A series of fortuitous events had led me to wade up to my nethers in an increasingly chilly English Channel.
Here I was, pushing my lad out to sea in an outboard motor-driven, rigid dinghy that he’d saved up for and bought himself.
It was our third attempt at launching this bloody thing. The boat’s a little worn but in perfectly good nick. It was most definitely our shared incompetence and not the aged imperfections of the equipment causing the grief..
One last shove and off he went…
As he rowed away, out of my wading depth, and lowered the motor, ready to start the boat, cold anticipation crashed over me, literally. I was about to let my 16-year-old boy loose in the sea, the captain of his very own ship.
It is a metaphor that most certainly isn’t lost on me - not in the moment and even less so now. The thing is, he is more man than boy, and that’s when you have to let them go; all you can do is be there. It’s the epitome of bittersweet. You’re sad because your child is all but gone; you’re so very proud because the man he will become is shining through. Of course, you are still needed and will likely always be needed…it’s just a bit different, that’s all.

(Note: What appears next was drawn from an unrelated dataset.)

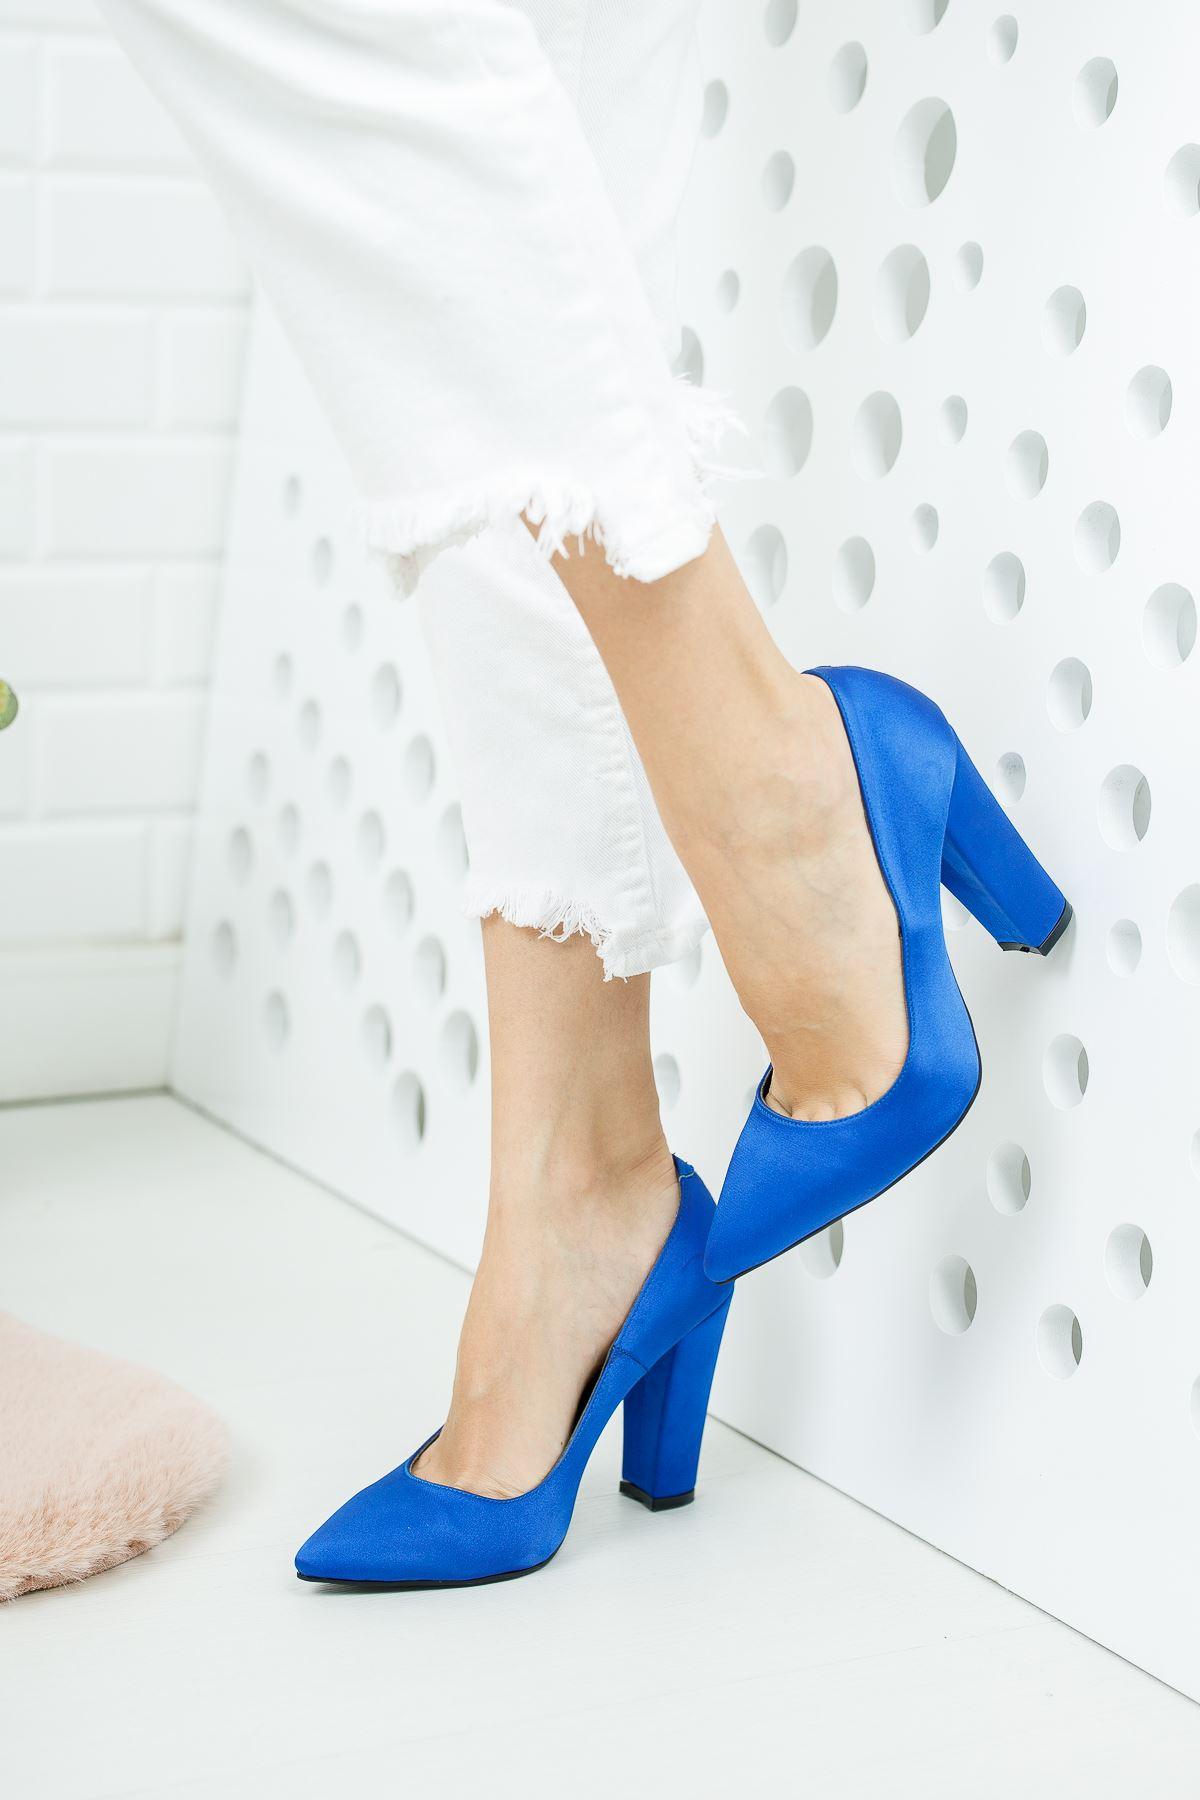 Tokyo Sax Mavi Saten Kadın Topuklu Ayakkabı Stiletto
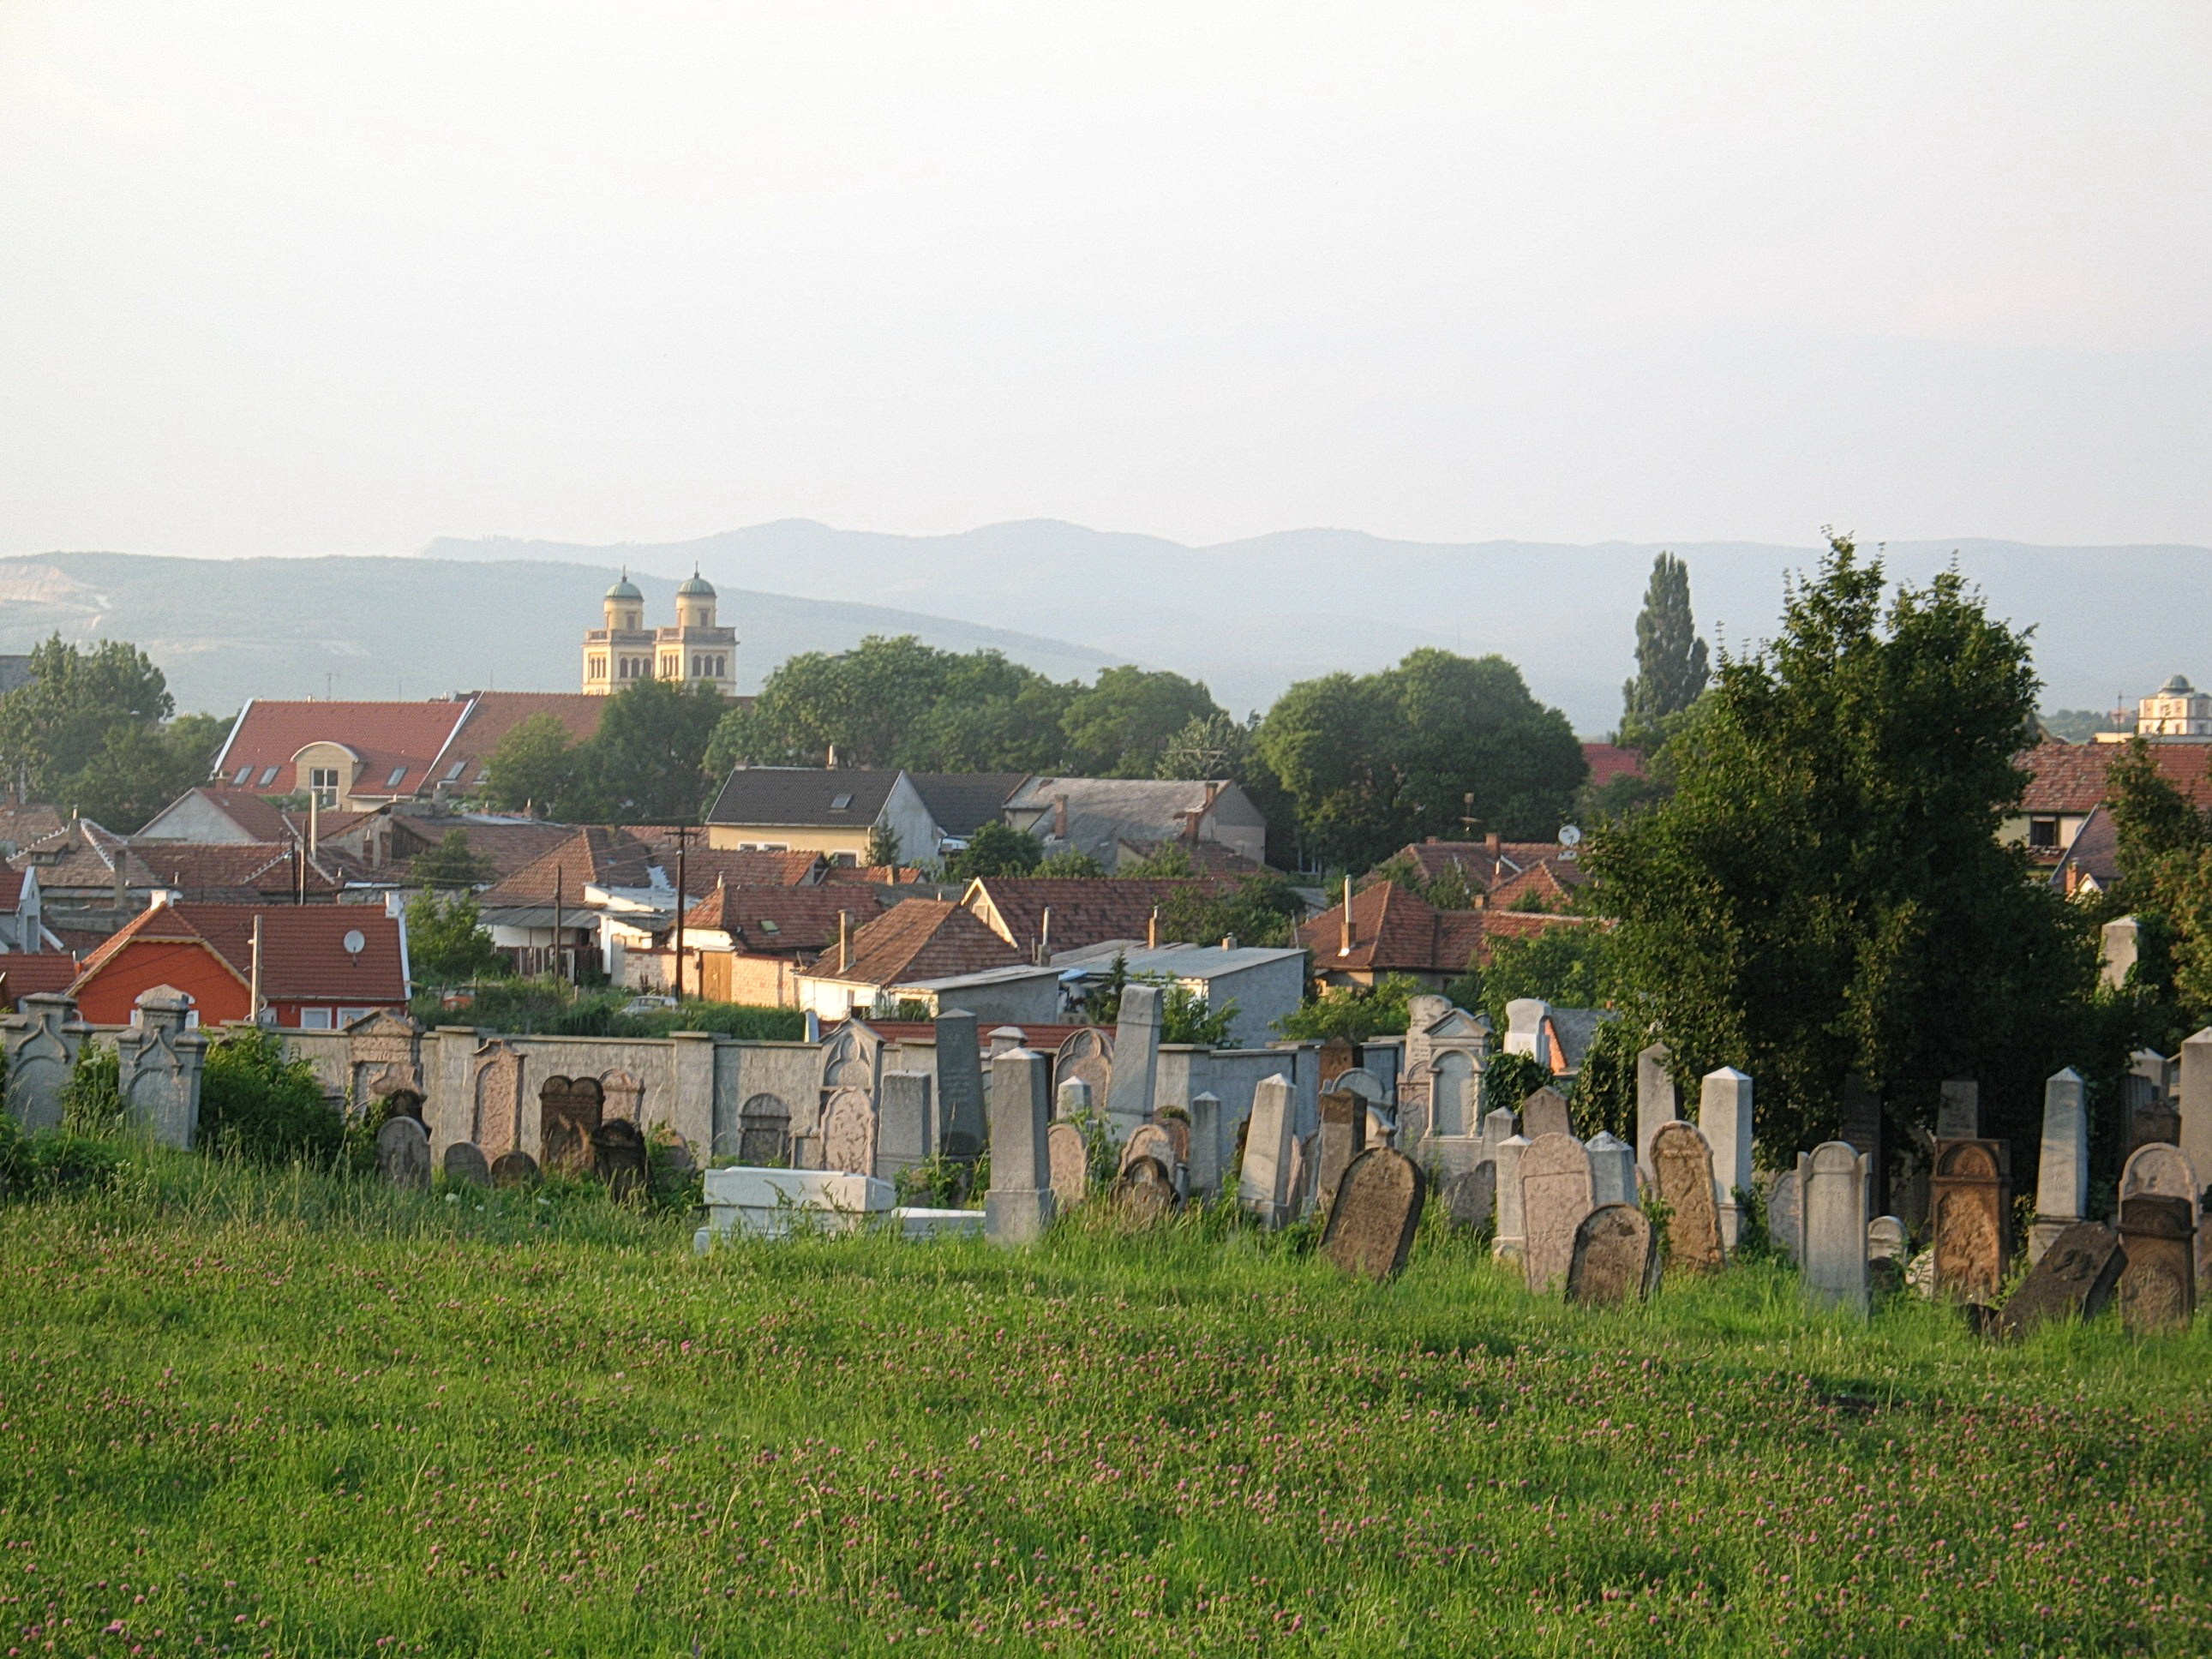 http://varhegyi-family.net/Gabor/Hungary/Tombstones_Eger/Eger_Jewish_cemetery_3.jpg

So, back to the freezing cold channel and the man-boy in the boat…
Try as he did, the engine wouldn’t start, two-stroke, petrol-oil mix all good but not even a splutter of blue smoke as he pulled the rip-chord time and again.
By now he’s drifting, the current pushing him 500 metres or so along the beach, and maybe 300 metres out to sea…it’s not happening; it’s getting dark, and as one with a mildly neurotic disposition around safety, everything’s become a bit squeaky bum time for me tbh. I’m about to call it and signal him to shore when he pulls the plug on today’s aquatic adventure himself and starts heading for the beach.
An attempt to take to the open ocean has ended in failure for the third time. Or has it?
I jogged along the beach to help him haul his ship out of the water and as we dismounted the engine, deflated the boat and loaded it all into the car for the third time that week without having really got going, I was struck by just how much I was enjoying this.
I approached the subject of disappointment, but he said the learning and the fact that we were doing this together made it easier. He didn’t particularly mean that it was my fatherly presence, rather there being two of us made it easier. But that’s the point isn’t it. Doing something together, regardless of familial relationships, makes even difficult and emotionally challenging things easier.
We’ll likely not have another chance until the late spring now and that bothers me a bit. I don’t know if it was the elemental nature of it, the male bonding thing or my need to continue to be a father… perhaps it is all three. Whatever the rationale, a third failed launch has proven a resounding success for me.
No one teaches you to be a parent. All we can do is let them go when the time is right, and when they start to drift, be there, ready to help them out and get them ready for another day. And if I can keep being here to do that then there’s not a lot more I could ask for in life, really.